According to the present invention, even if the high-enrichment fuels are arranged adjacent to each other, the radial peaking of the high-enrichment fuels can be reduced and the maximum linear power density can be kept low.
It is possible to obtain an initially loaded core capable of improving the thermal margin and increasing the burnup.

[Brief description of drawings]

FIG. 1 is a diagram showing a first embodiment of an initially loaded core according to the present invention.

FIG. 2 is a diagram showing an in-core fuel loading pattern of the present invention.

FIG. 3 is a diagram showing a fuel loading pattern in a core of a comparative example.

FIG. 4 is a relational diagram of the maximum linear power density and the number ratio of the highly enriched fuel forming the L-type cell.

FIG. 5 is a diagram showing a second embodiment of the initially loaded core according to the present invention.

FIG. 6 is a diagram showing a third example of the initially loaded core according to the present invention.

FIG. 7 is a diagram showing a fourth example of the initially loaded core according to the present invention.

[Explanation of symbols]

1 ... Low enrichment fuel, 2 ... Medium enrichment fuel, 3, 4 ... High enrichment fuel.

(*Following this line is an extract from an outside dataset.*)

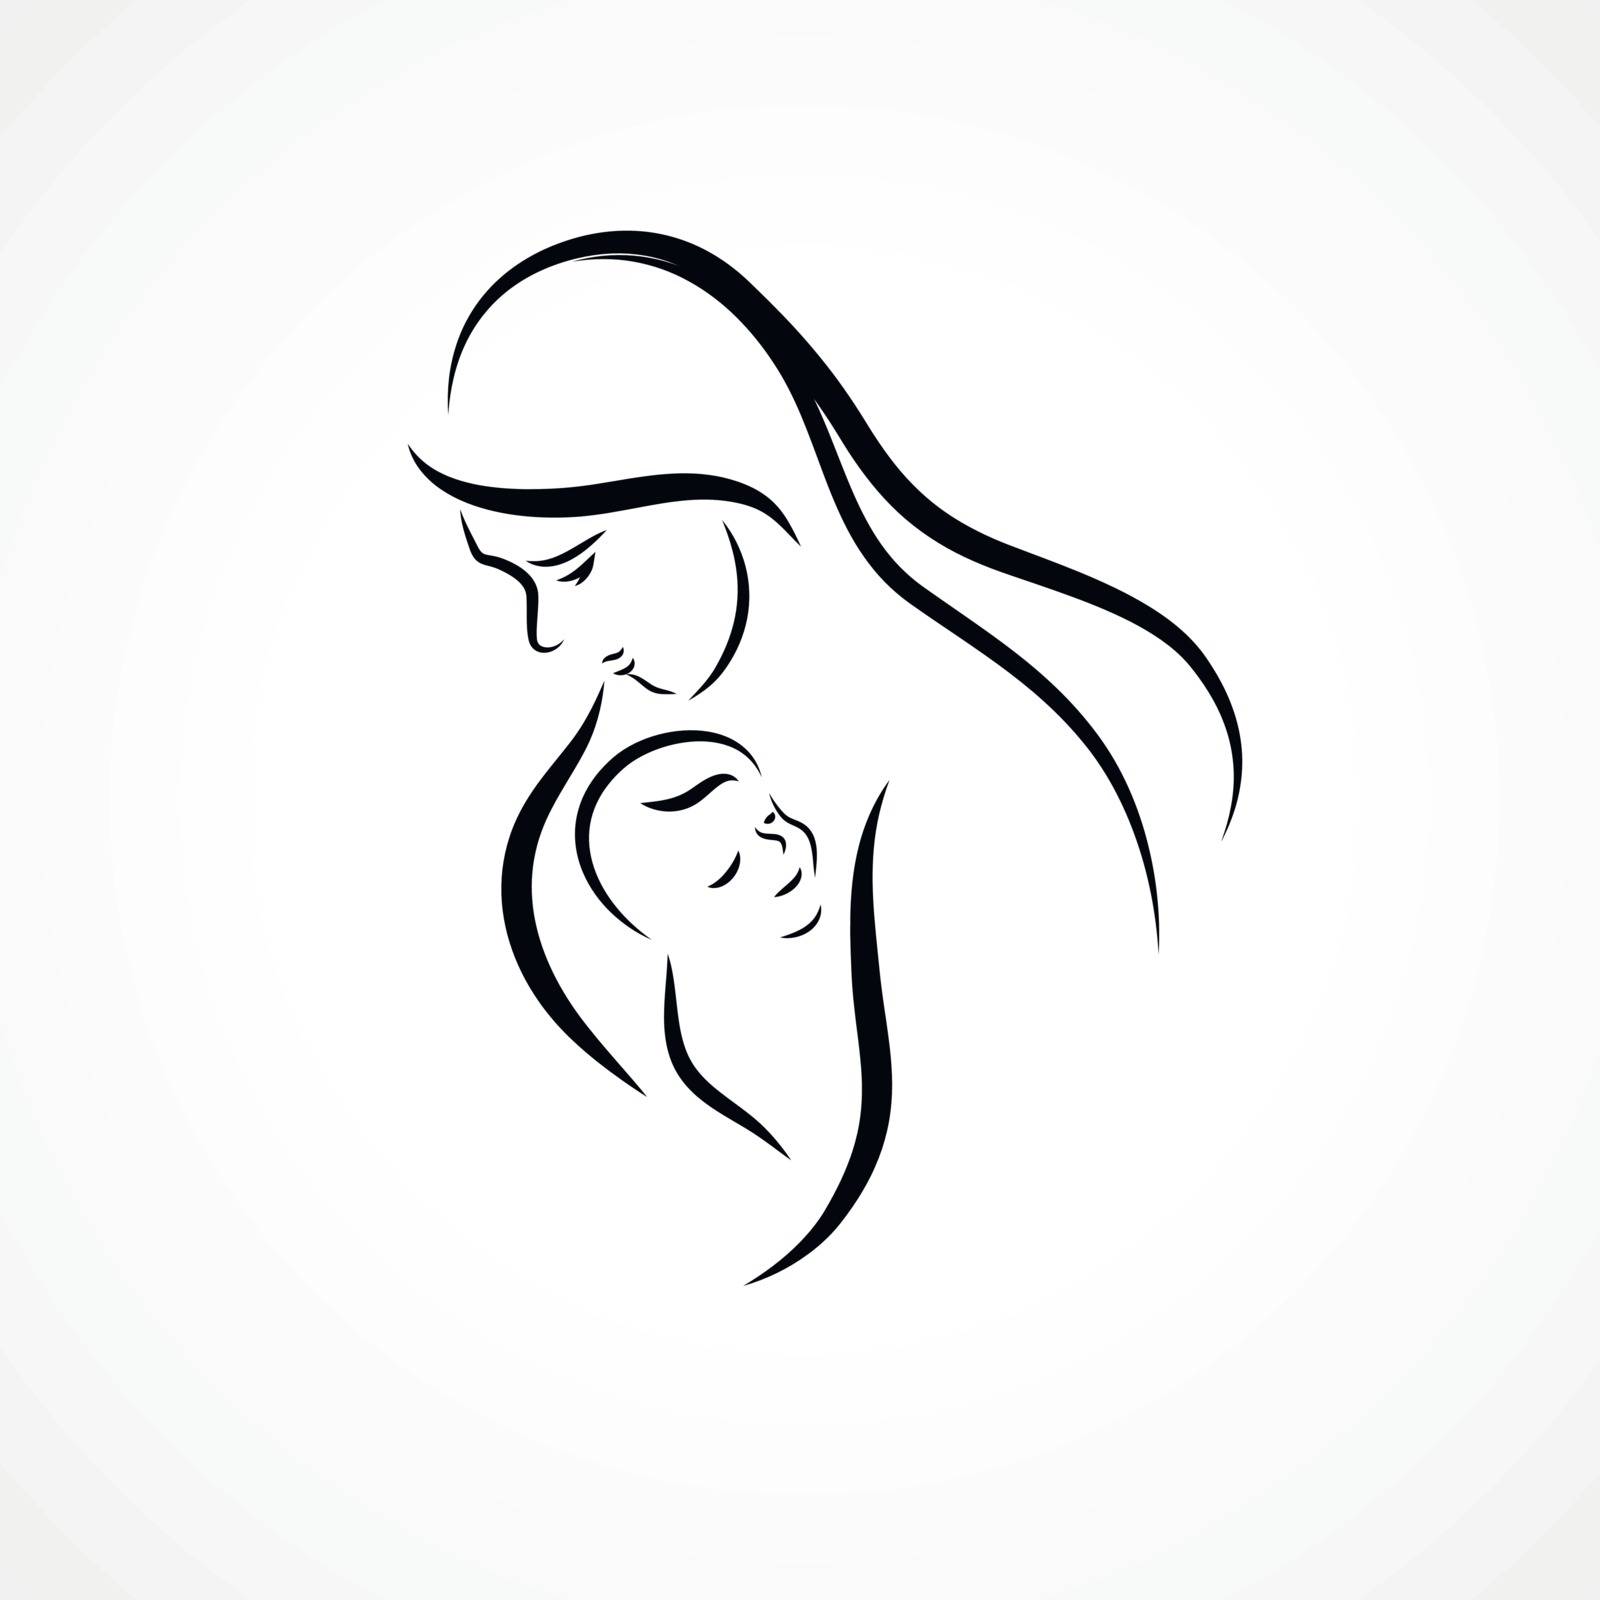 Vector illustration of a mother holding her baby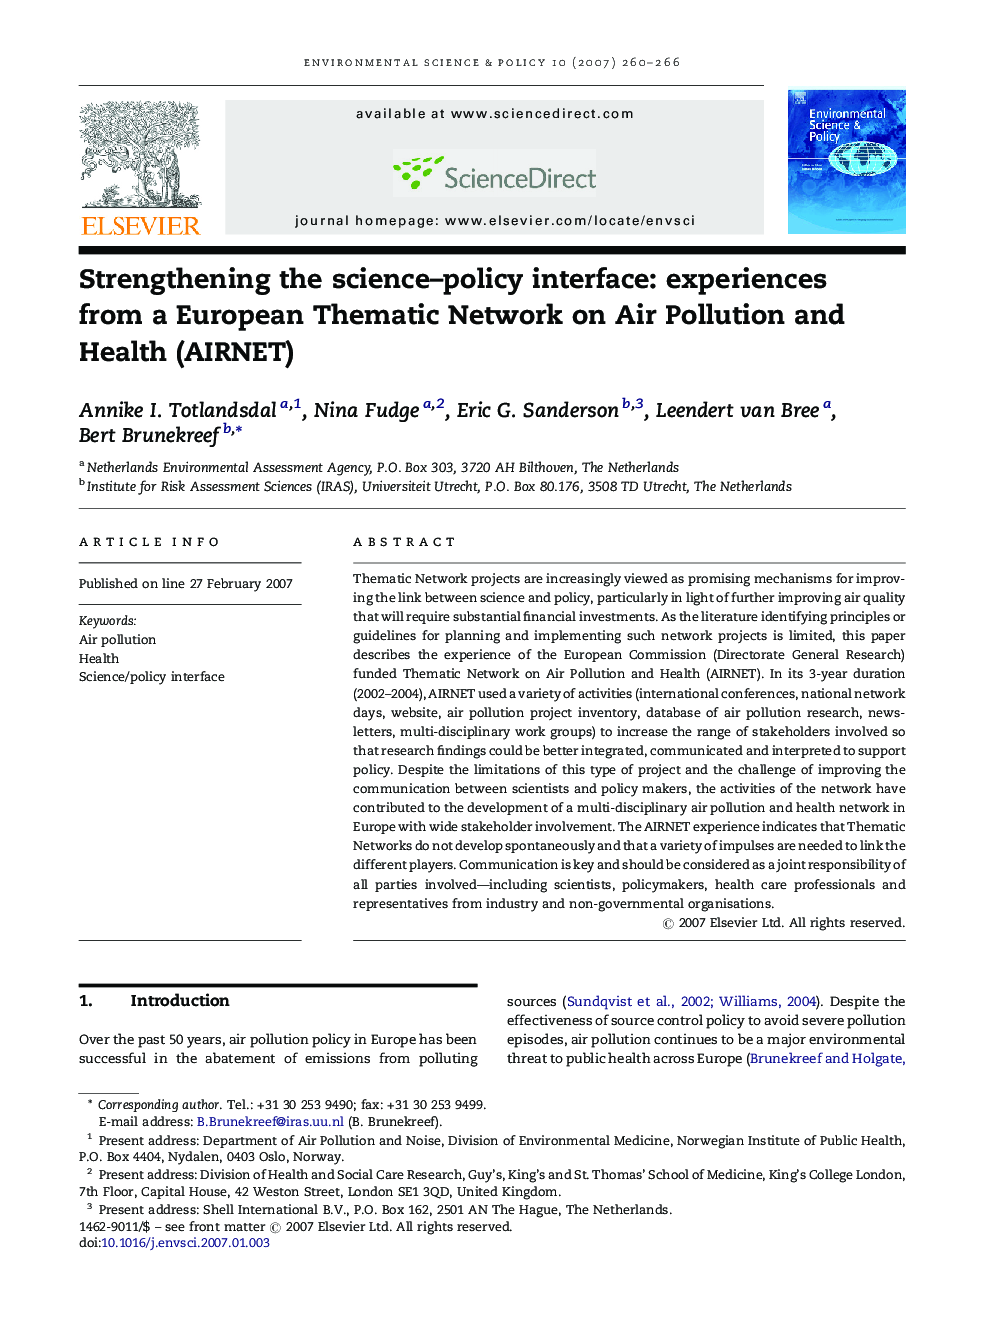 Strengthening the science–policy interface: experiences from a European Thematic Network on Air Pollution and Health (AIRNET)

 ─────────────────────────────────────────────────── ─── Continuation of the front page (72) Inventor Toshiro Yoshioka 3-2-1, Sachimachi, Hitachi City, Ibaraki Hitachi Engineering Co., Ltd. (72) Inventor Junichi Koyama 7-2, Omikacho, Hitachi City, Ibaraki Prefecture No. 1 Incorporated company Hitachi, Ltd. Power & Electric Machinery Development Headquarters (72) Inventor Akihiro Yamanaka 3-1-1 1-1 Saiwaicho, Hitachi City, Ibaraki Hitachi Ltd. Hitachi factory (72) Inventor Mitsuya Nakamura Ibaraki 3-1, 1-1 Sachimachi, Hitachi, Ltd. Hitachi, Ltd. Hitachi factory (72) Inventor Katsumasa Urikawa 3-1-1, Sachimachi, Hitachi, Ibaraki Hitachi Ltd., Hitachi, Ltd.

Claims (7)

[Claims] 1. An initially loaded core comprising a combination of various types of fuel assemblies having different average enrichments of uranium 235, wherein a square cell composed of four fuel assemblies having the lowest average enrichment, An L-shaped cell composed of three fuel assemblies having the highest average enrichment, and the L-shaped cells are arranged so that each fuel assembly of the L-shaped cells is adjacent to the square-shaped cell. An initially loaded core, which is arranged in a corner portion of a cell having a rectangular shape, and a ratio of the number of fuel assemblies of the L-shaped cells to all the fuel assemblies loaded in the core is 10% or more. 2. The initially loaded core according to claim 1, wherein the fuel assemblies forming the L-shaped cells are composed of a plurality of types of fuel assemblies having different numbers of fuel rods containing burnable poisons. Initially loaded core. 3. The initially loaded core according to claim 1, wherein the fuel assembly forming the square cells is adjacent to a control rod which is inserted into the core during power operation and used for power adjustment. Initially loaded core characterized by 4. The initially loaded core according to claim 1, wherein the fuel assembly having the lowest average enrichment does not contain burnable poisons. 5. The initially loaded core according to any one of claims 1 to 4, wherein the fuel rods forming the fuel assembly are arranged in a square lattice of 8 rows and 8 columns, and are arranged in a region corresponding to 4 lattices in the central portion. An initially loaded core characterized in that one cylindrical water rod is arranged. 6. The initially loaded core according to any one of claims 1 to 4, wherein the fuel rods constituting the fuel assembly are arranged in a square grid of 9 rows and 9 columns, and are arranged in a central area of 7 grids. An initially loaded core characterized in that two cylindrical water rods are arranged. 7. The initially loaded core according to any one of claims 1 to 4, wherein the fuel rods constituting the fuel assembly are arranged in a square lattice of 9 rows and 9 columns, and are arranged in an area corresponding to 9 lattices in the central portion. An initially loaded core characterized in that one prismatic water rod is arranged.